Rene Gonzalez Faces $77,000 Penalty From City Elections Program for Accepting Deeply Discounted Office Space Downtown

The Small Donor Elections program says the discounted office space constitutes a prohibited contribution.

GOAL: Rene Gonzalez in a campaign ad.

The city of Portland’s Small Donors Elections program proposes to penalize City Council candidate Rene Gonzalez for accepting heavily discounted office space downtown from Schnitzer Properties Management and failing to report the discount as a contribution.

On Sept. 20, the program’s director, Susan Mottet, issued a penalty notice against Gonzalez’s campaign, citing an allegedly unreported rental agreement between Schnitzer Properties and the campaign in which the campaign paid $250 a month in rent from April through November for 3,185 square feet of office space and two parking spaces.

Mottet wrote in the notice that the rental agreement constitutes a prohibited contribution worth $33,250, which is the difference between the $250 a month the campaign paid and fair market value, which Mottet determined to be $6,900 a month.

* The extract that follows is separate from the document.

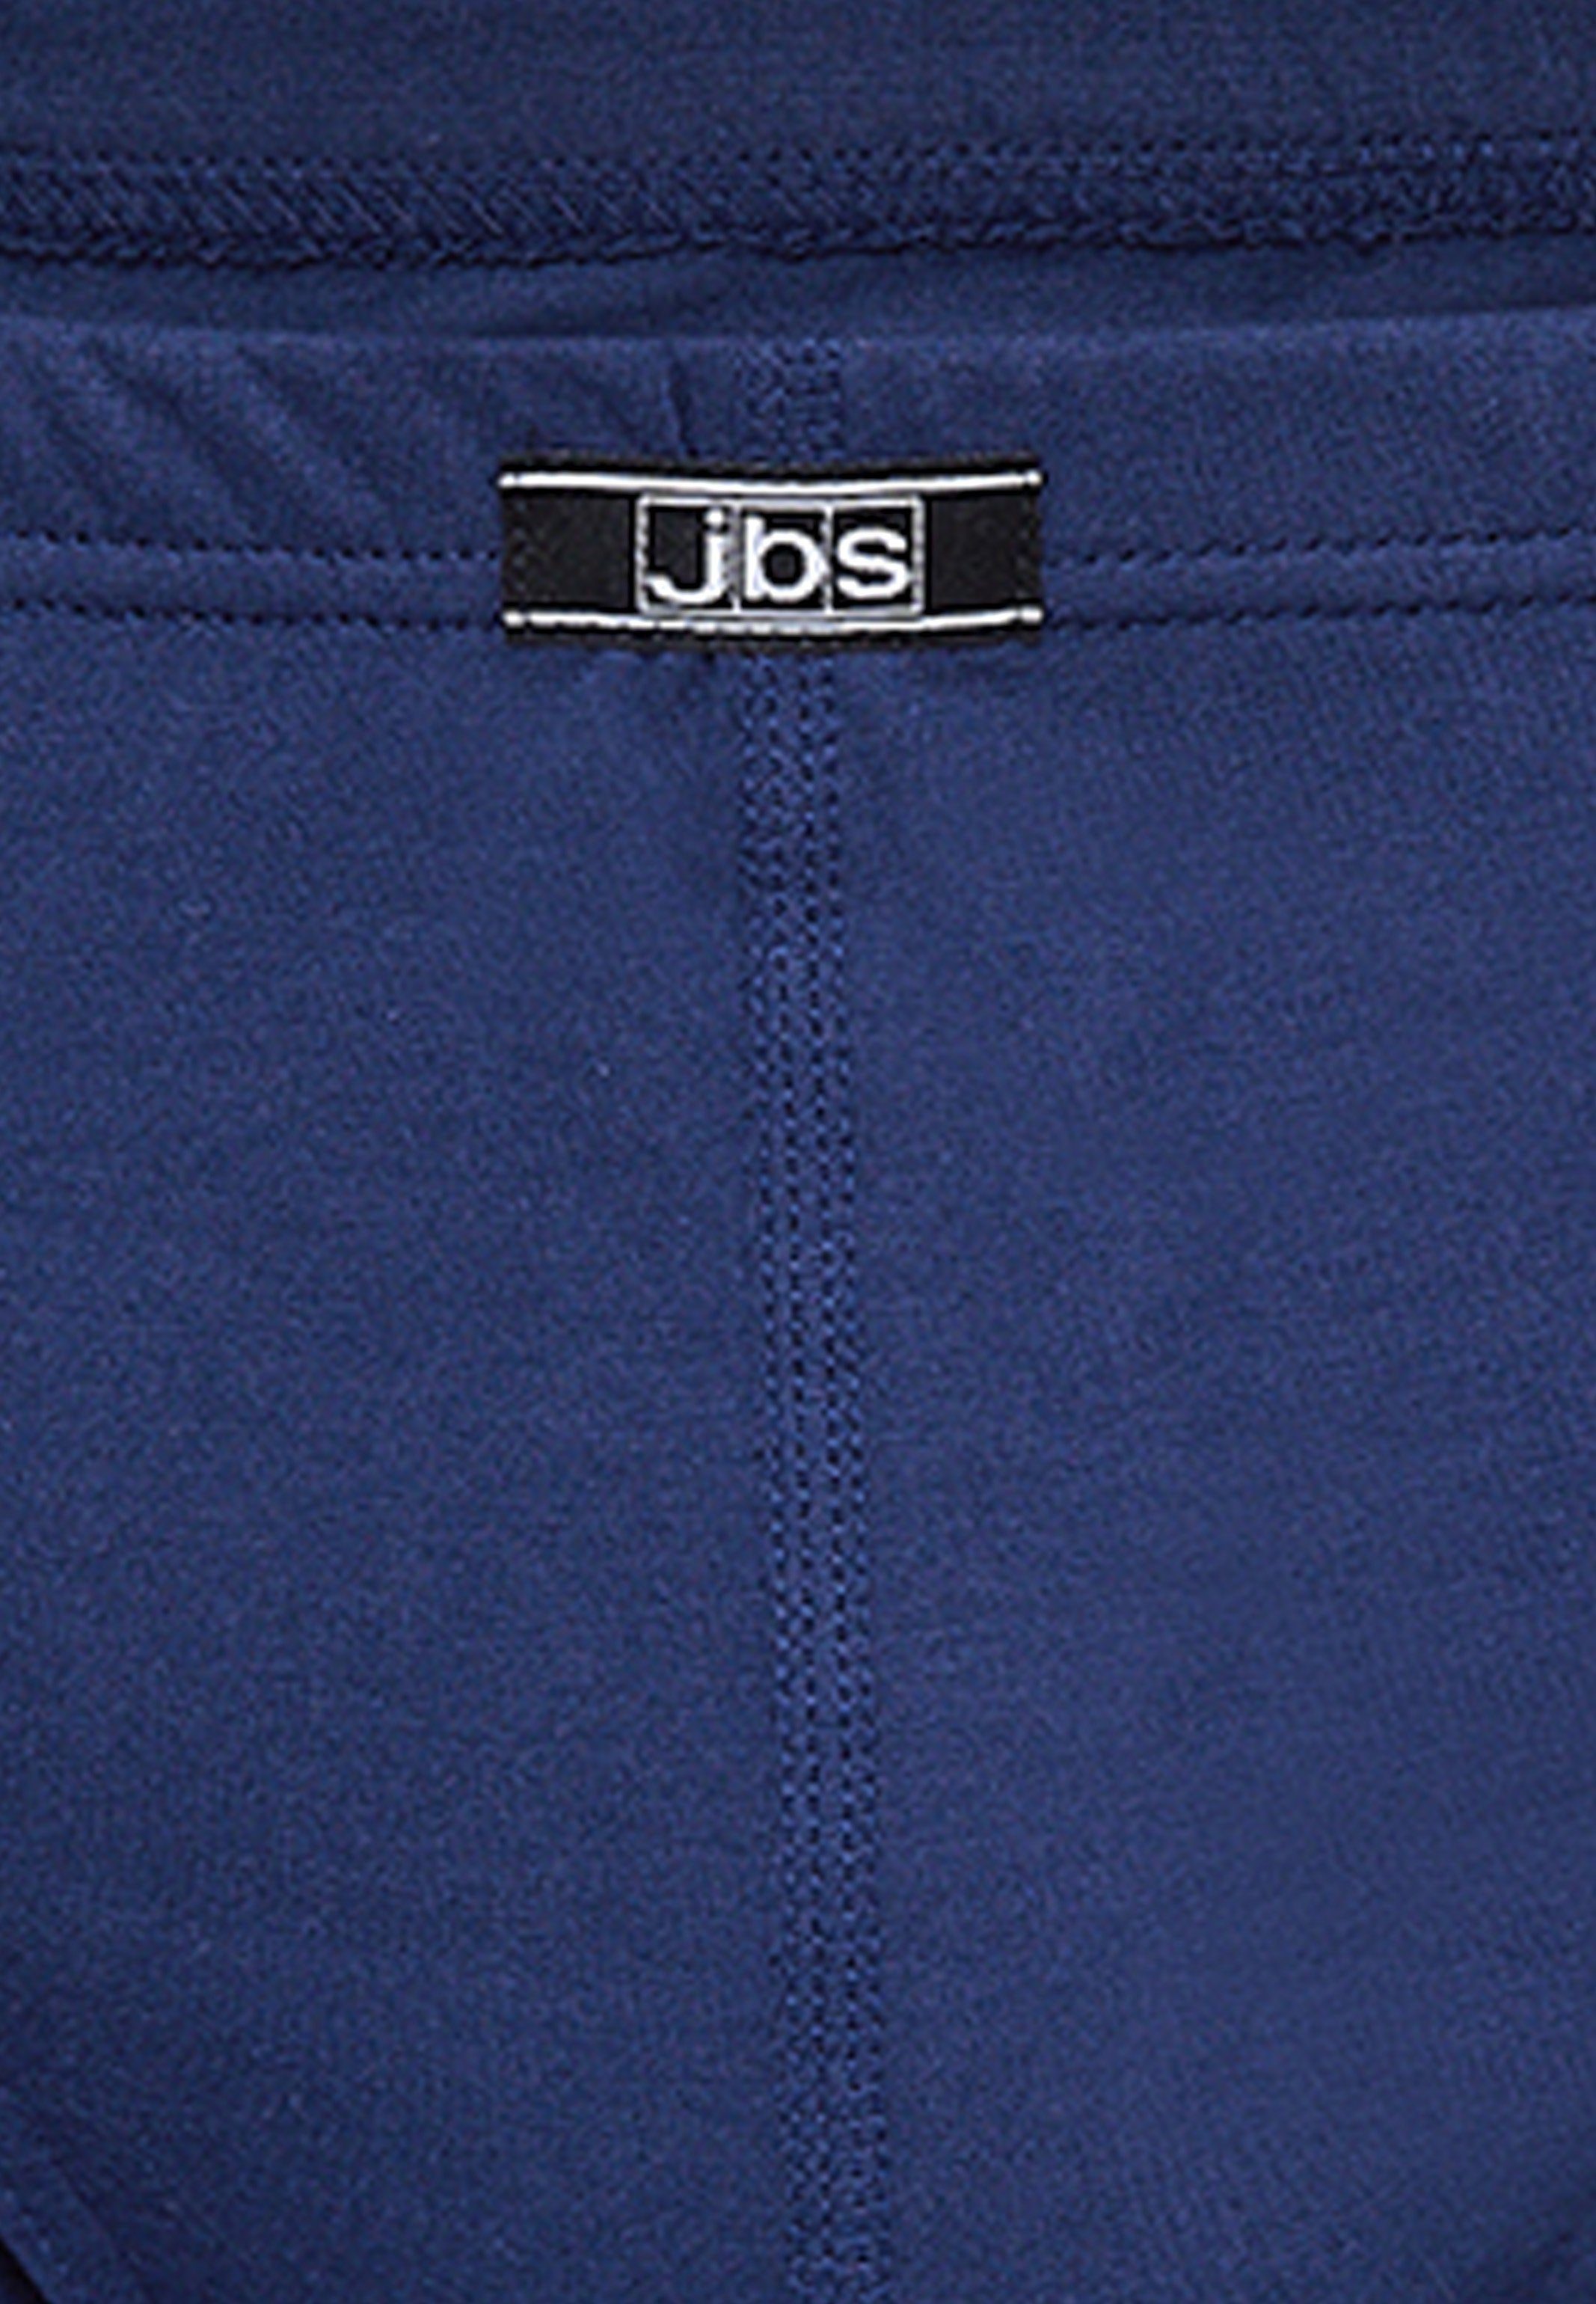 jbs Slip Slip Baumwolle 5-St) - Pack Cotton Ohne Eingriff Unterhose (Spar-Set, Organic / Marine Mini Atmungsaktiv - - 5er

Gonzalez faces penalties of $77,000 in total. That includes paying a penalty of $33,250 for the alleged unreported contributions, paying $33,250 back to Schnitzer Properties, and paying $10,640 for failure to report the contributions. Oregon Public Broadcasting first reported the proposed violation.

Shah Smith, campaign manager for Gonzalez, says the campaign has until Sept. 27 to ask the city to reconsider its decision. If that’s rejected, the campaign can then formally appeal the decision.

In a statement, Gonzalez says his campaign did nothing wrong.

“We evaluated [Open and Accountable Elections] rules when we entered into the lease and strongly disagree that the rent is too low given the dismal state of downtown,” Gonzalez says. “Downtown is in shambles because of policies advocated by my opponent, Jo Ann Hardesty—defunding the police and obstructing cleaning up unsanctioned camps. Landlords are desperate to get any kind of compensation for their space because of the city’s failures to address crime and homelessness has made downtown inhospitable to tenants, landlords and visitors.”

Jordan Schnitzer, owner of Schnitzer Properties Management, has contributed the maximum amount to Gonzalez’s campaign already.